Scooter Libby was thrown under the bus. No, Scooter Libby gave the bus driver false directions.
On Thursday, the prosecution and the defense in the trial of I. Lewis “Scooter” Libby spent much of the day clashing over evidentiary matters, but, as they battled, each side laid out its core theory.
The initial dispute concerned special counsel Patrick Fitzgerald’s effort to enter into evidence video clips of White House press briefings held in October 2003 shortly after the news broke that the Justice Department, at the CIA’s request, was launching a criminal investigation of the leak that outed Valerie Wilson, the wife of former Ambassador Joseph Wilson, as a CIA officer.
Here’s the background: in mid-September 2003, White House press secretary Scott McClellan responded to a remark made by Joe Wilson, in which the former diplomat said he looked forward to the day when Karl Rove would be “frog-marched” out of the White House for having been involved in the CIA leak. It was “totally ridiculous,” McClellan said, to suggest that Rove was a party to this leak. (Reality break: as was revealed years later, Rove had slipped information on Valerie Wilson’s CIA connection to rightwing columnist Robert Novak and Time‘s Matt Cooper.) After the criminal investigation became public in late September 2003, McClellan again told reporters Rove had nothing to do with the leak. But when he was asked about Scooter Libby, Vice President Dick Cheney’s chief of staff, McClellan declined to offer a similar denial.
Libby freaked out. According to Ted Wells, one of Libby’s attorneys, Libby went to McClellan and White House chief of staff Andrew Card asking for the same treatment that Rove got. They “blew him off,” Wells exclaimed in court. Then Libby went to his boss, with talking points he wanted McClellan to recite:
I’ve talked to Libby. I said it was ridiculous about Karl and it is ridiculous about Libby. Libby was not the source of the Novak story. And he did not leak classified information.
Cheney took the paper on which Libby had written these lines and added his own note:
Has to happen today. Call out to key press saying same thing about Scooter as Karl. Not going to protect one staffer + sacrifice the guy that we asked to stick his neck in the meat grinder because of the incompetence of others.

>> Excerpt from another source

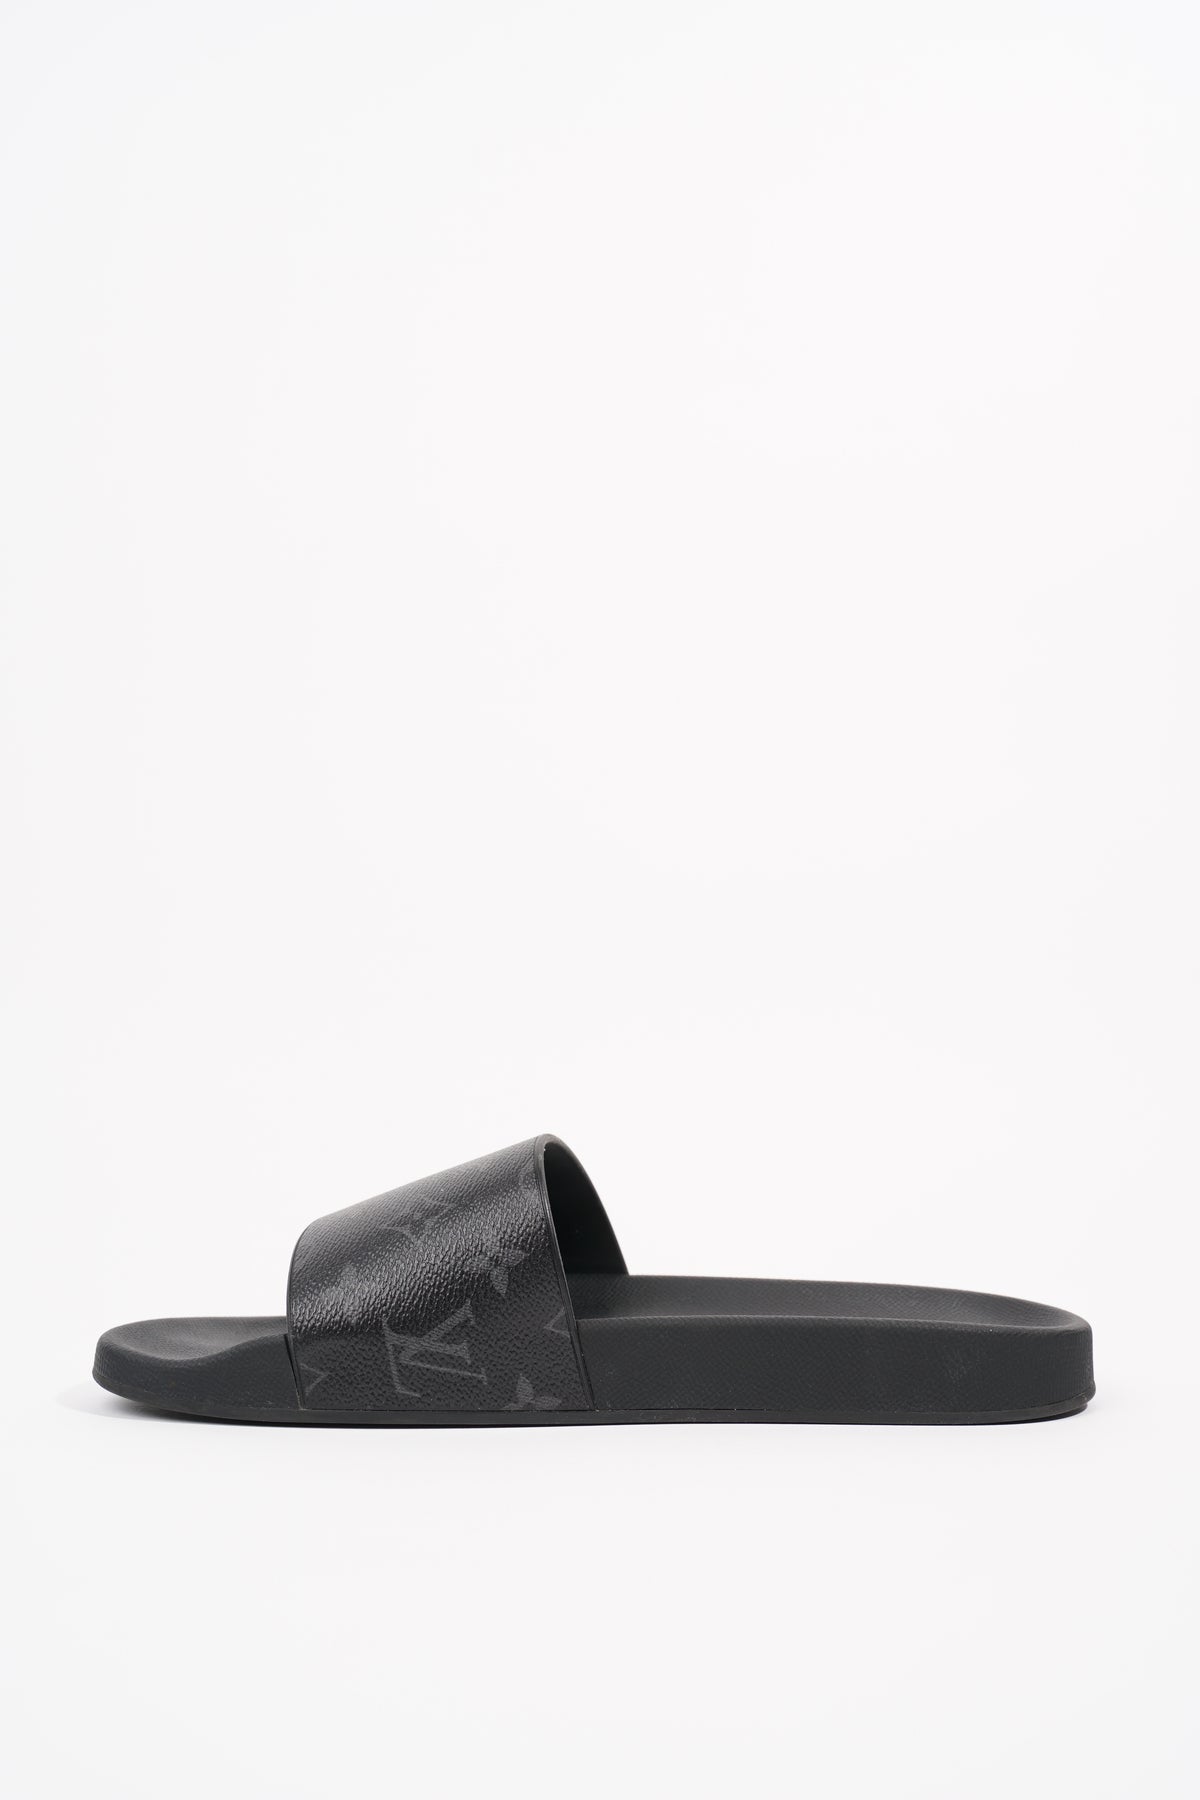 Louis Vuitton - Waterfront Mules - Black - Men - Size: 08 - Luxury

Lo and behold, during press briefings on October 7 and 10, McClellan declared that Libby, like Rove, was “not involved” in the CIA leak. A reporter asked if either had “told any reporter that Valerie Plame worked for the CIA.” McClellan replied, “they assured me that they were not involved in this.” He also said that any White House official who had leaked classified information would be booted out of the administration.
Fitzgerald wanted to play the video clips of these and another White House press briefing for the jury. Libby’s legal team objected–vociferously.